Every fairytale needs a happy ending, and after 11 albums of love, heartbreak, and shattered dreams, Taylor Swift has found her Prince Charming. But after she announced her engagement to Travis Kelce, what will Swift's newfound happiness mean for her music?
Swift's greatest gift as a lyricist is the way she weaves her own story into her songs, balancing intricate, specific detail with universal themes of love, hope, heartbreak, and betrayal.
From the very beginning, the musician's love life has been the connective tissue of her writing. Her debut single, Tim McGraw, written during a school maths class, was all about her then-boyfriend, Drew Dunlap.
Believing they'd break up before he left for college (a premonition that came true), she wrote a song to commemorate the times they'd slow-danced in the moonlight to the car radio: When you think Tim McGraw/I hope you think of me.

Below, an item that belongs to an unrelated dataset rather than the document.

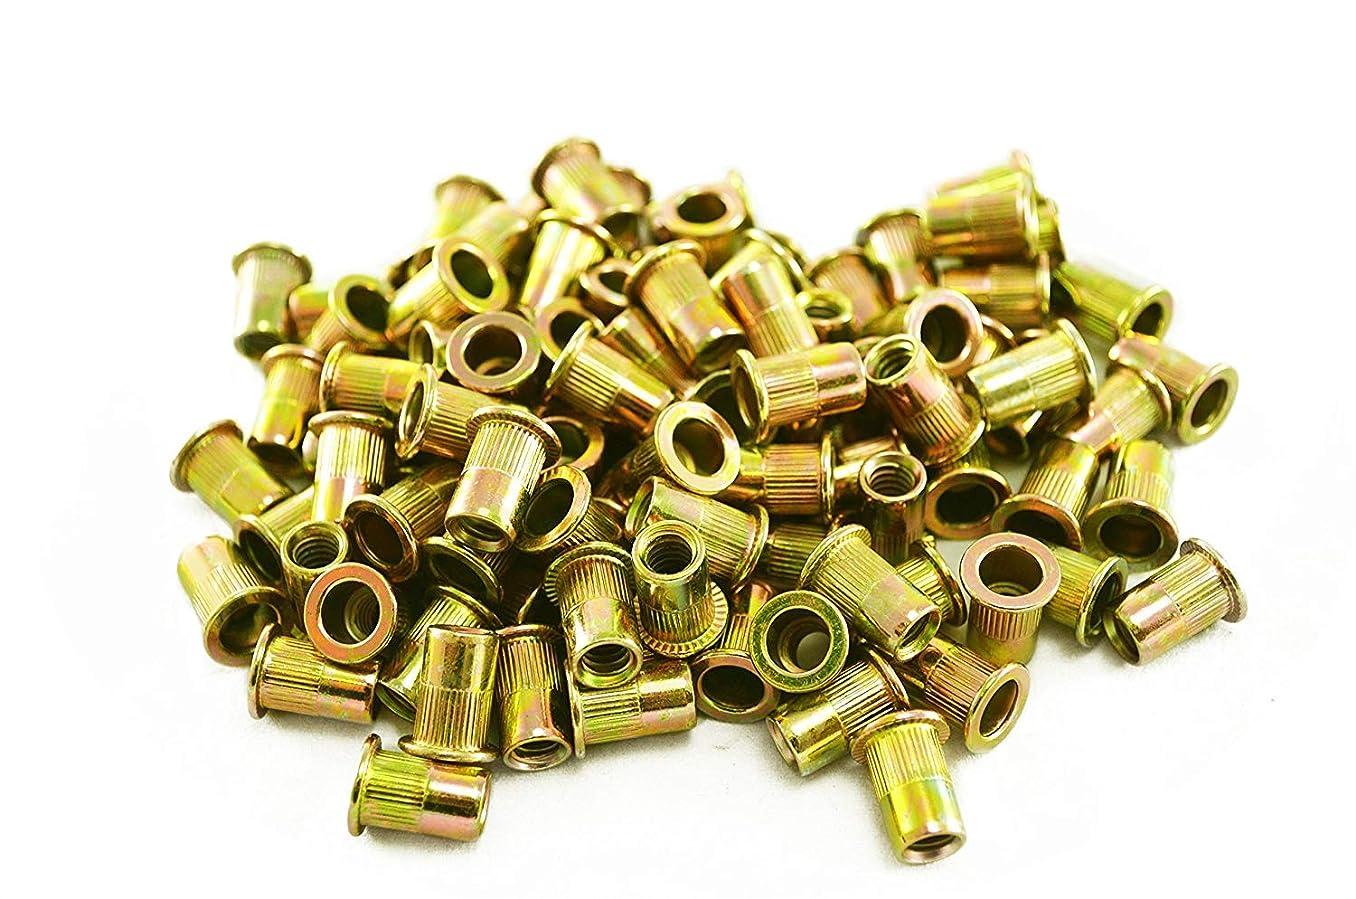 Liyafy 100Pcs Pneumatic Tool Pull Nut Steel Rivet Nuts M4 X 11 (Carbon Steel/Color zinc)

It's a timeless story—one that's destined to be repeated at fresher's weeks across the country this autumn—and set in motion a career-long narrative about Swift's romantic tribulations.
She's written about emotionally unavailable men (Jake Gyllenhaal, All Too Well), falling for a bad boy (Harry Styles, I Knew You Were Trouble), and rebound romances (Tom Hiddleston, Getaway Car).
Throughout it all, she's been aware of the obsessive level of debate around her relationships. In Shake It Off, she poked fun at the media's discourse: I go on too many dates / But I can't make them stay / At least, that's what people say.
Now, it's reductive to cast Swift's back catalogue (274 songs and counting) to a soap opera about her love life. She's written insightful and witty lyrics about the media (You wouldn't last an hour in the asylum where they raised me, Who’s Afraid of Little Old Me?); about the joyous bonds of friendship (We're happy, free, confused and lonely in the best way, 22); and even getting away with murder (I've cleaned enough houses to know how to cover up a scene, No Body No Crime).
But not for nothing has she been called pop's greatest diarist and the maestro of memory.
So what happens when she settles down? As her friend and collaborator Florence Welch of Florence and the Machine once pointed out: Contentment is a creativity killer.
For proof, look no further than Bruce Springsteen. In 1991, he married his bandmate Patti Scialfa, disbanded the E Street Band, and relocated to California.
Springsteen celebrated his newfound serenity with two albums, Human Touch and Lucky Town—but they are regularly ranked as his worst.
Female artists have frequently used settling down as a source of inspiration. Madonna's Ray Of Light, written after the birth of her daughter Lourdes, eschewed her brash 1980s persona for a more spiritual, psychedelic sound. Amid stiff competition, it remains her best album.
When Beyoncé revealed her baby bump on stage at the 2011 MTV Awards, columnists speculated what it might mean for her music. But her next album, 2013's Beyoncé, was a turning point—an experimental album that set the template for her career's third act.
Swift has already proven she can write affecting songs from a place of happiness. Her six-year relationship with Joe Alwyn generated songs like Delicate and Lover, which rank among her best work.
She's already written two songs about Kelce, both of which appeared on last year's album, The Tortured Poets Department.
On So High School, she described how his chivalry restored her faith in men, while The Alchemy rhapsodized about the moment he won the Super Bowl and came running over to her.
The star recently confirmed that her forthcoming 12th album, The Life of a Showgirl, will be more upbeat than the rest of her material. Speaking on the New Heights podcast, she said it was recorded during her record-breaking Eras Tour, marking the early days of her relationship with Kelce.
It just comes from the most infectiously joyful, wild, dramatic place I was in in my life... and that effervescence has come through on this record, she said. To sum it up succinctly, Kelce described the album as 12 bangers.
In conclusion: Will Taylor’s music reflect her newfound happiness? It would be unexpected if it didn’t. But let’s not forget her previous period of domestic bliss, which also prompted a shift away from diary-entry lyrics. The pandemic-era albums embraced fictional storytelling and organic soundscapes, marking a turning point in her cultural acclaim.
If marriage prompts another shift, it could open up a new chapter in her career, with a different kind of fairytale emerging.